From the line that includes "English astronomer Sir" to the last line of the records, inclusive, repeat each line exactly.

Items listed in a dataset
-------
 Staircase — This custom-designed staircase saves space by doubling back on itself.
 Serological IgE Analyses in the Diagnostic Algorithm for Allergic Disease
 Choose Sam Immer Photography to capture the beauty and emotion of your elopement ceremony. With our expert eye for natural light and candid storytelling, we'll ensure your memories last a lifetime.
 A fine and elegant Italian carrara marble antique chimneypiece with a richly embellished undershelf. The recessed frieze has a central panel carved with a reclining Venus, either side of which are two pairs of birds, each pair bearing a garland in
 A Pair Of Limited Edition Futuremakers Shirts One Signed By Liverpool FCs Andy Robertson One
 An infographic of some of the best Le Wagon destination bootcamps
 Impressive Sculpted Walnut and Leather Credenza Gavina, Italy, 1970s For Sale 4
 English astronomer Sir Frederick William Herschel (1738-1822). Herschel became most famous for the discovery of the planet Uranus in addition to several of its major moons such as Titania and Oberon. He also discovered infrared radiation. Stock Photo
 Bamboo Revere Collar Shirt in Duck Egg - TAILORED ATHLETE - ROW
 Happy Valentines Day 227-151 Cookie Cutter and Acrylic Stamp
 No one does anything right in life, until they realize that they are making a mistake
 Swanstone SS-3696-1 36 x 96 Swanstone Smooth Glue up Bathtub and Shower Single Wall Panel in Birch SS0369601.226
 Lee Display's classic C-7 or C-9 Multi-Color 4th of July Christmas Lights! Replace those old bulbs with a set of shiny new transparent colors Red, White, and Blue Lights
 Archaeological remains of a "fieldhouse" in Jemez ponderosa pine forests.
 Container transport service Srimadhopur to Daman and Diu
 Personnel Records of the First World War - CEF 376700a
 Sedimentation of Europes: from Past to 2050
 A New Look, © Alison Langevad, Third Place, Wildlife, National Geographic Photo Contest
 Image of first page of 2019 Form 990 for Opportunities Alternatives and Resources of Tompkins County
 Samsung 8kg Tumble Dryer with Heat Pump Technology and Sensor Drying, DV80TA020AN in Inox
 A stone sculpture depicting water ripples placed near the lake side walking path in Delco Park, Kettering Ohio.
-------
Answer to this problem:
 English astronomer Sir Frederick William Herschel (1738-1822). Herschel became most famous for the discovery of the planet Uranus in addition to several of its major moons such as Titania and Oberon. He also discovered infrared radiation. Stock Photo
 Bamboo Revere Collar Shirt in Duck Egg - TAILORED ATHLETE - ROW
 Happy Valentines Day 227-151 Cookie Cutter and Acrylic Stamp
 No one does anything right in life, until they realize that they are making a mistake
 Swanstone SS-3696-1 36 x 96 Swanstone Smooth Glue up Bathtub and Shower Single Wall Panel in Birch SS0369601.226
 Lee Display's classic C-7 or C-9 Multi-Color 4th of July Christmas Lights! Replace those old bulbs with a set of shiny new transparent colors Red, White, and Blue Lights
 Archaeological remains of a "fieldhouse" in Jemez ponderosa pine forests.
 Container transport service Srimadhopur to Daman and Diu
 Personnel Records of the First World War - CEF 376700a
 Sedimentation of Europes: from Past to 2050
 A New Look, © Alison Langevad, Third Place, Wildlife, National Geographic Photo Contest
 Image of first page of 2019 Form 990 for Opportunities Alternatives and Resources of Tompkins County
 Samsung 8kg Tumble Dryer with Heat Pump Technology and Sensor Drying, DV80TA020AN in Inox
 A stone sculpture depicting water ripples placed near the lake side walking path in Delco Park, Kettering Ohio.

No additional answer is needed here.